To support the development of data-driven approaches to natural language
processing (NLP), human language technologies, automatic content extraction
(topic extraction and/or grammar extraction), cross-lingual information
retrieval, information detection, and other forms of linguistic research on
Modern Standard Arabic in general, the LDC was sponsored to develop an
Arabic Treebank of 1,000,000 words.  This corpus is part one of that
project.


CORPUS DESCRIPTION

Treebanks are language resources that provide annotations of natural
languages at various levels of structure: at the word level, the phrase
level, and the sentence level.

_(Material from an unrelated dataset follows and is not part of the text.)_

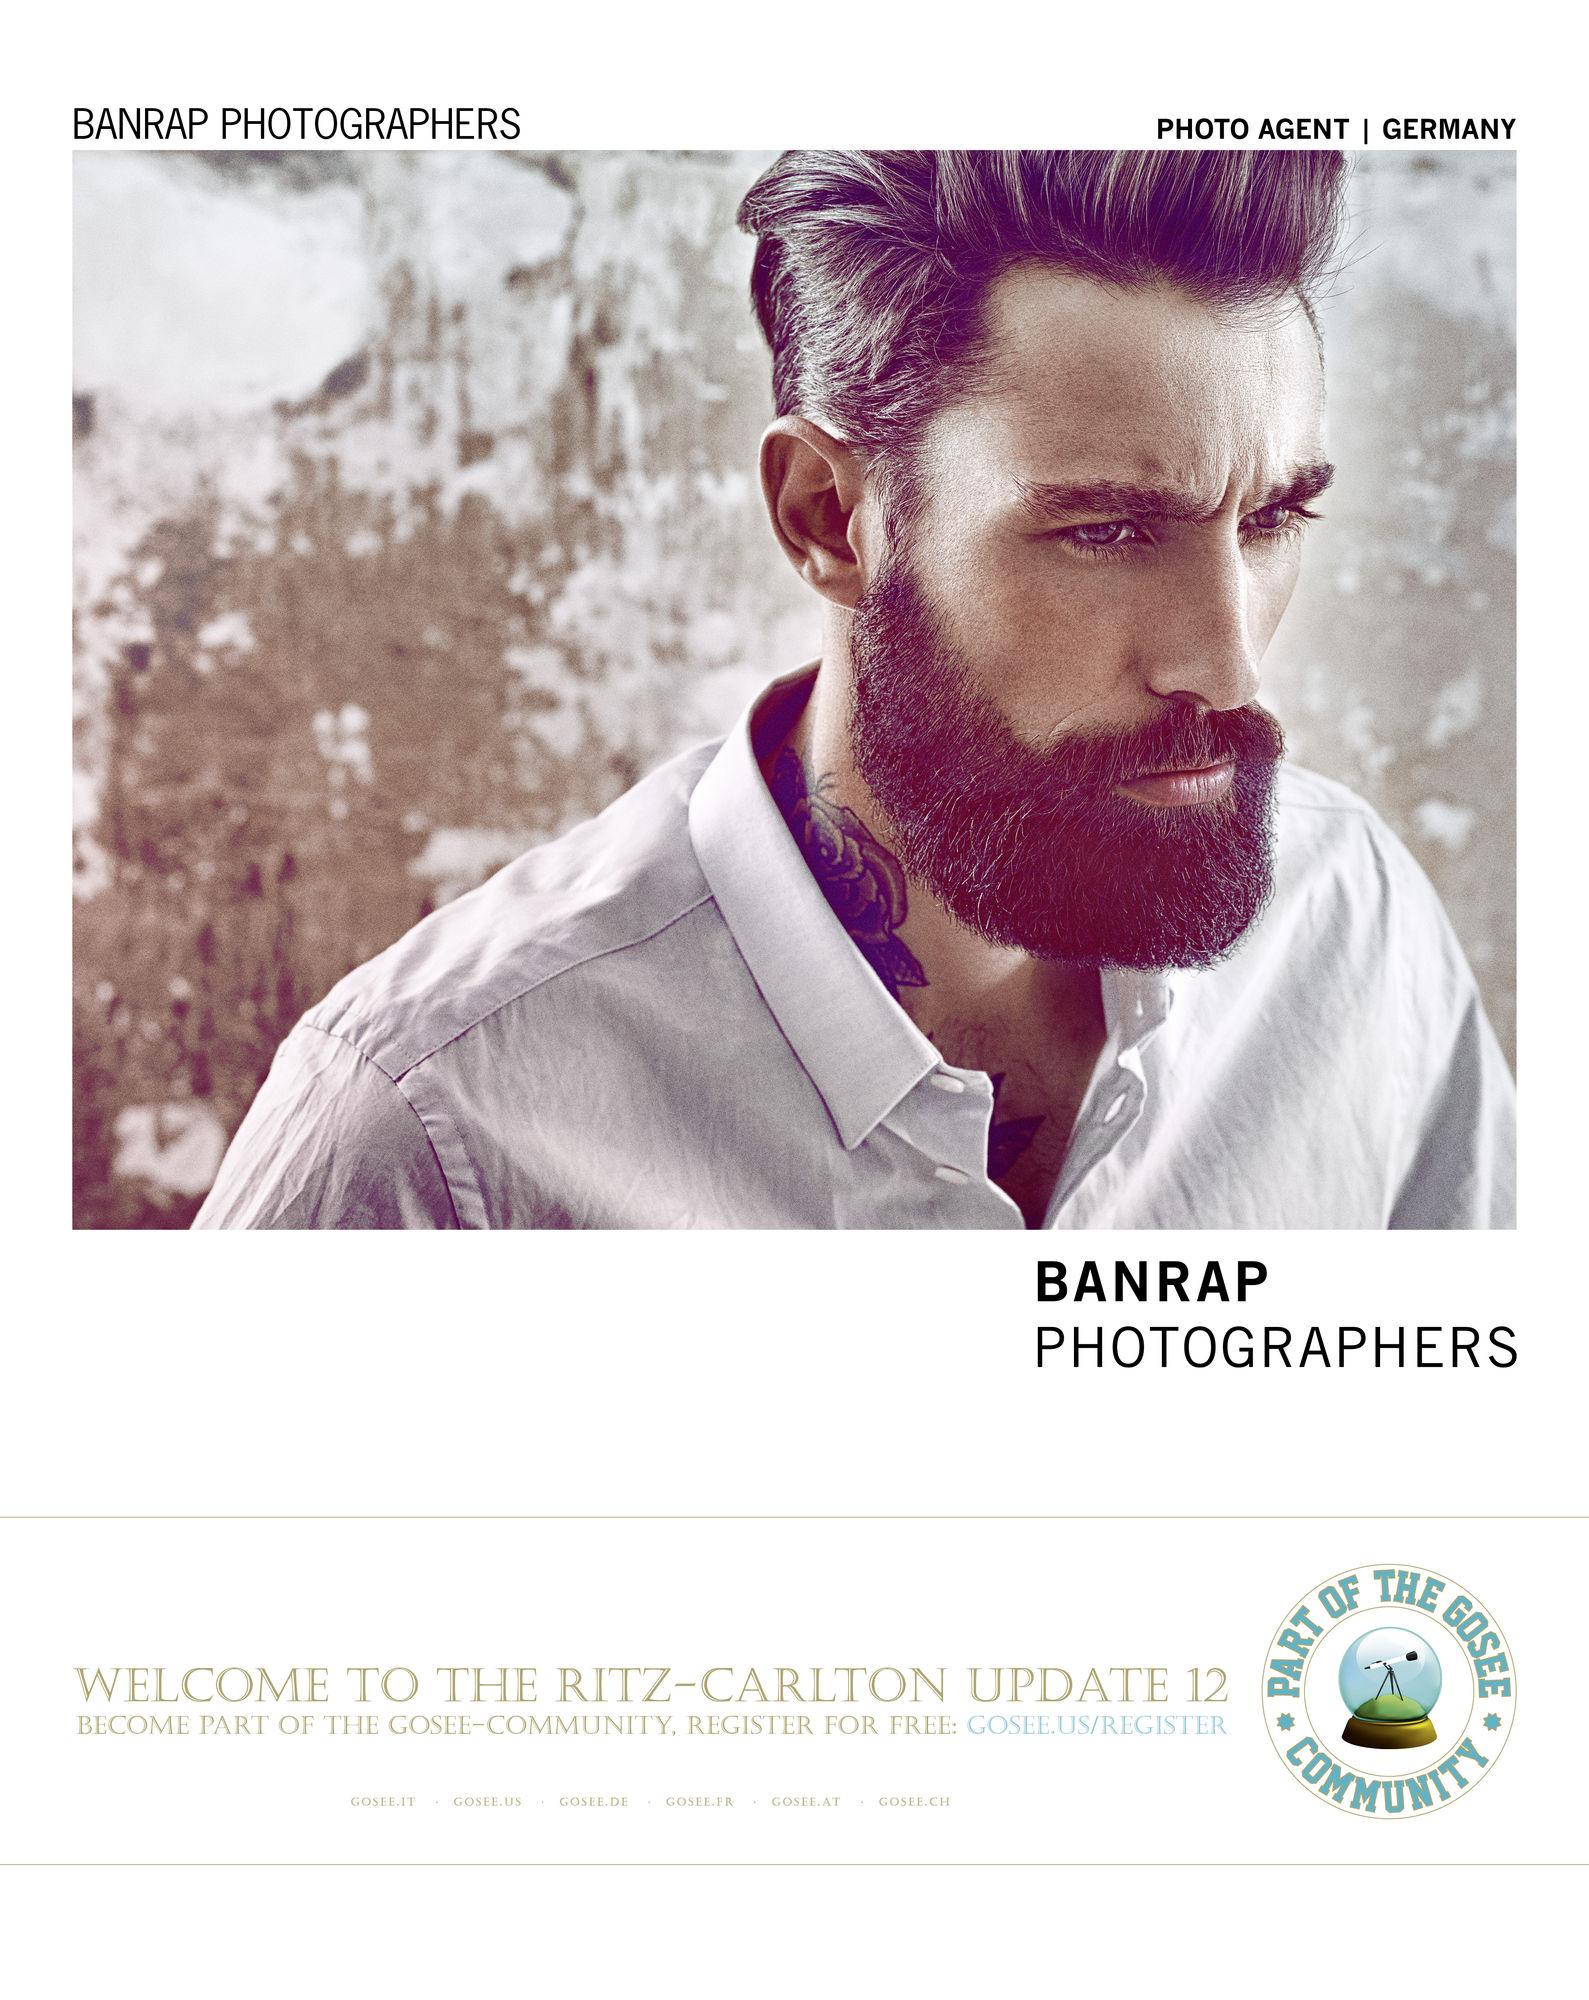 UPDATE 12 : Banrap Photographers
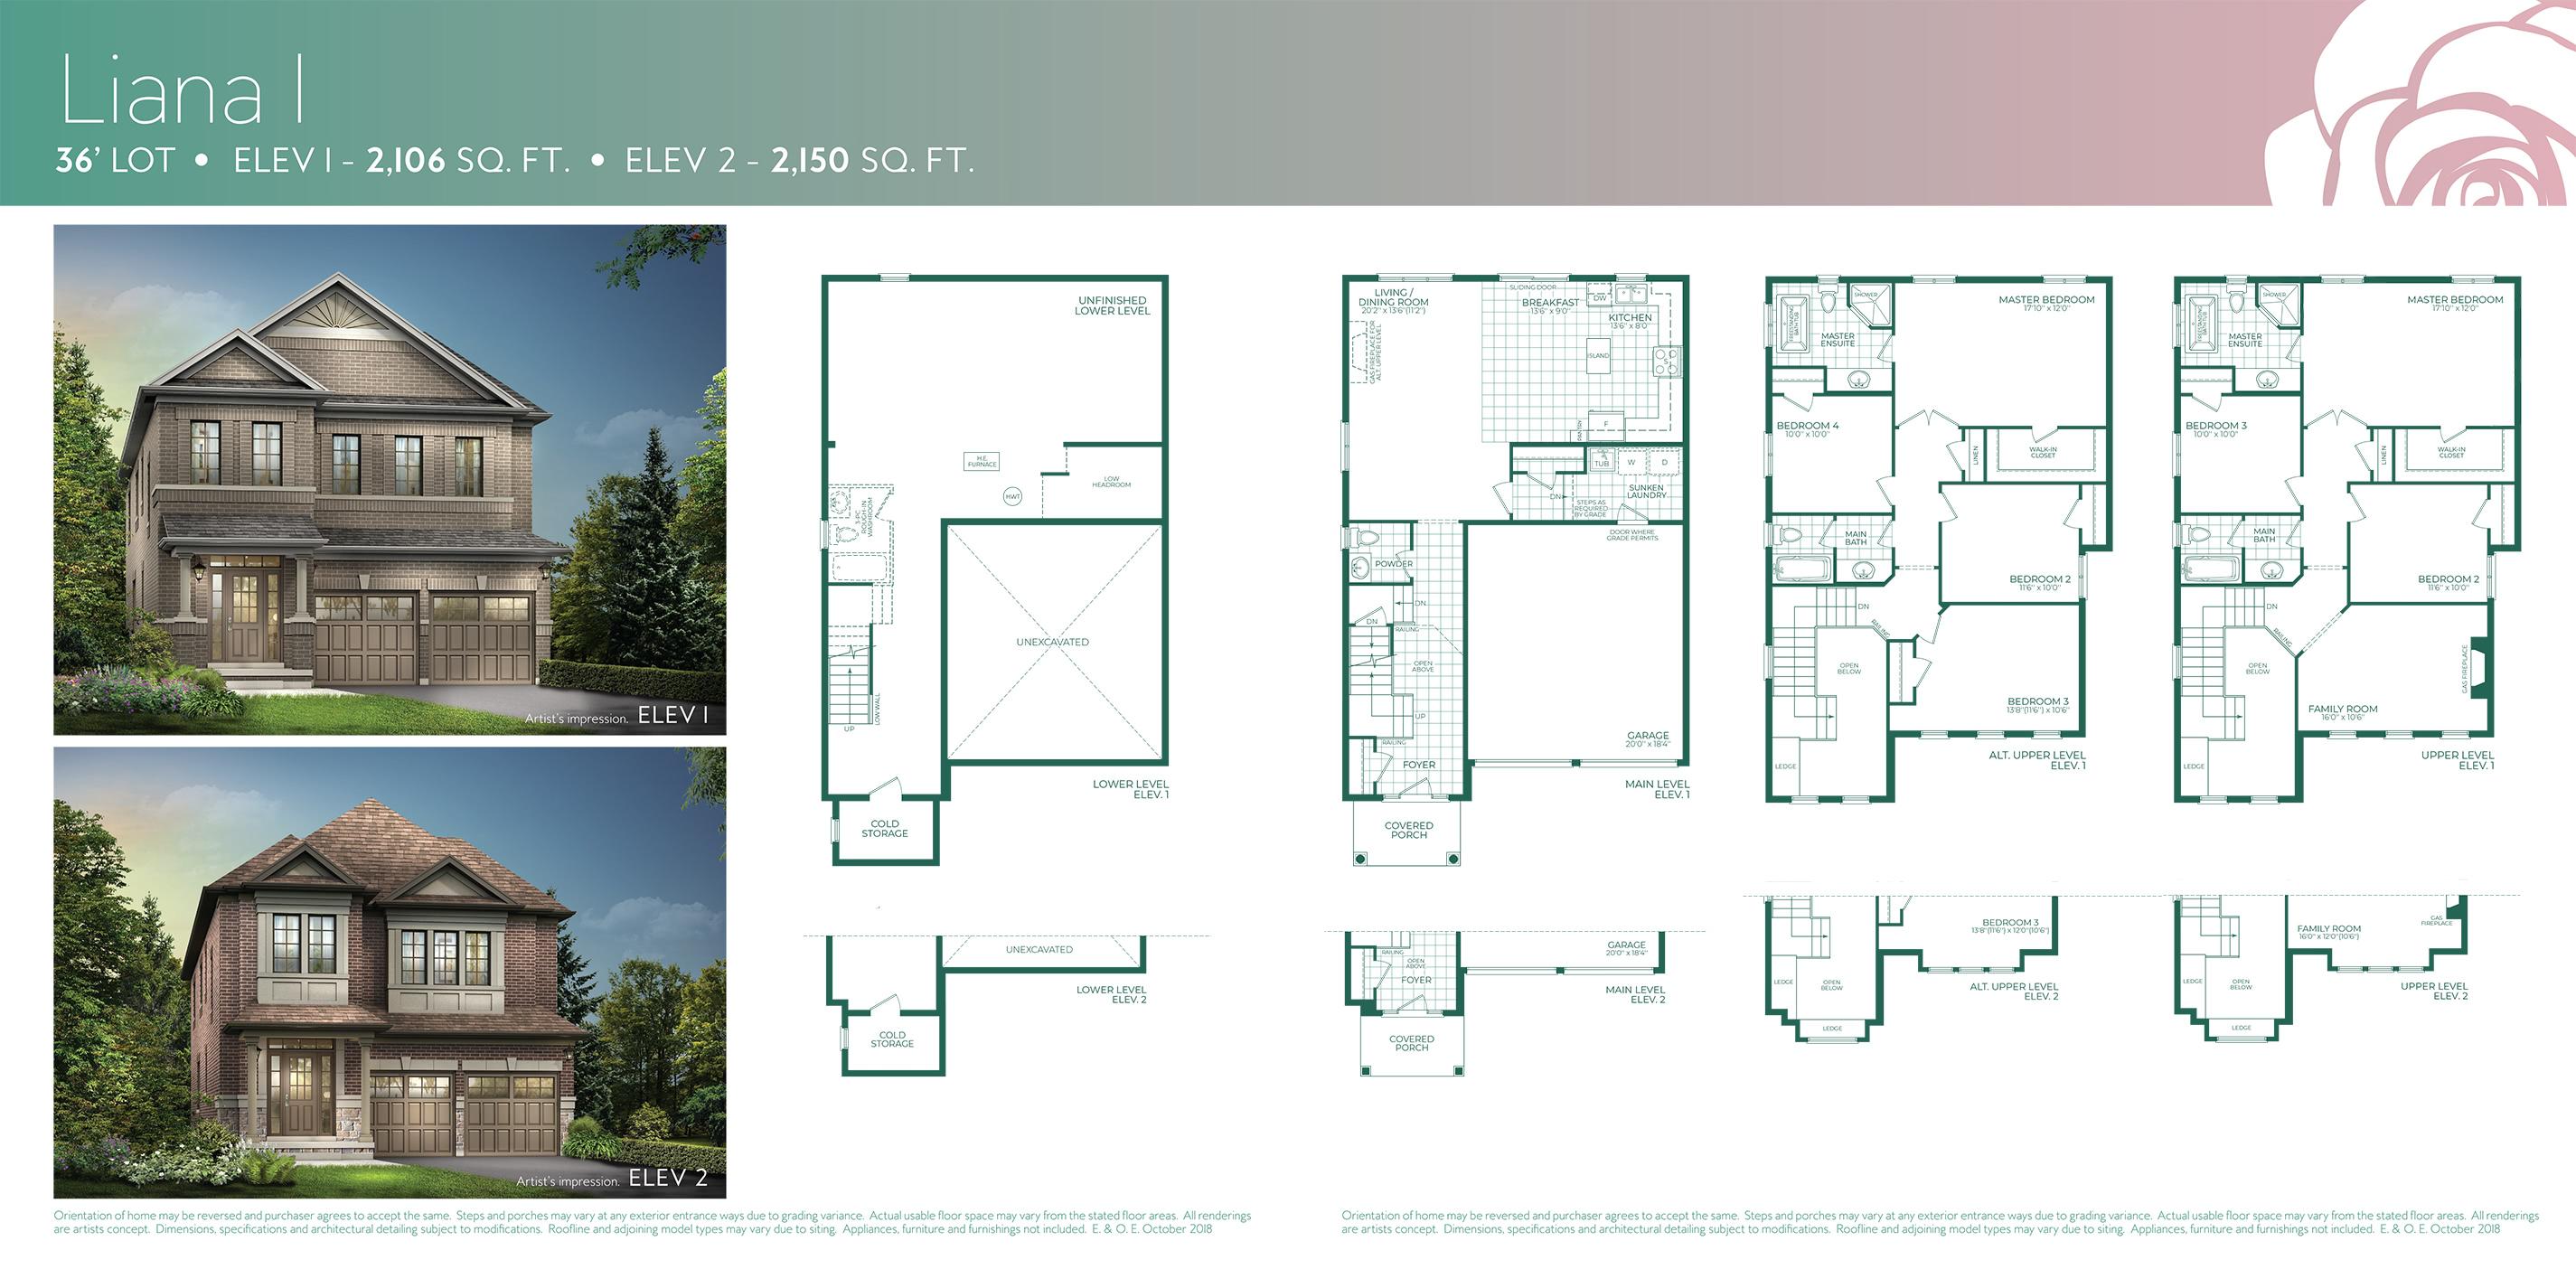 Liana 1 Floorplan

Treebanks have become crucially important
for the development of data-driven approaches to natural language
processing (NLP), human language technologies, automatic content extraction
(topic extraction and/or grammar extraction), cross-lingual information
retrieval, information detection, and other forms of linguistic research in
general. 

This corpus is designed for those who study and use languages either
professionally or academically, and who need text corpora in their
work. The Penn Arabic Treebank is particularly suitable for language
developers, computational linguists and computer scientists who are
interested in various aspects of natural language processing. 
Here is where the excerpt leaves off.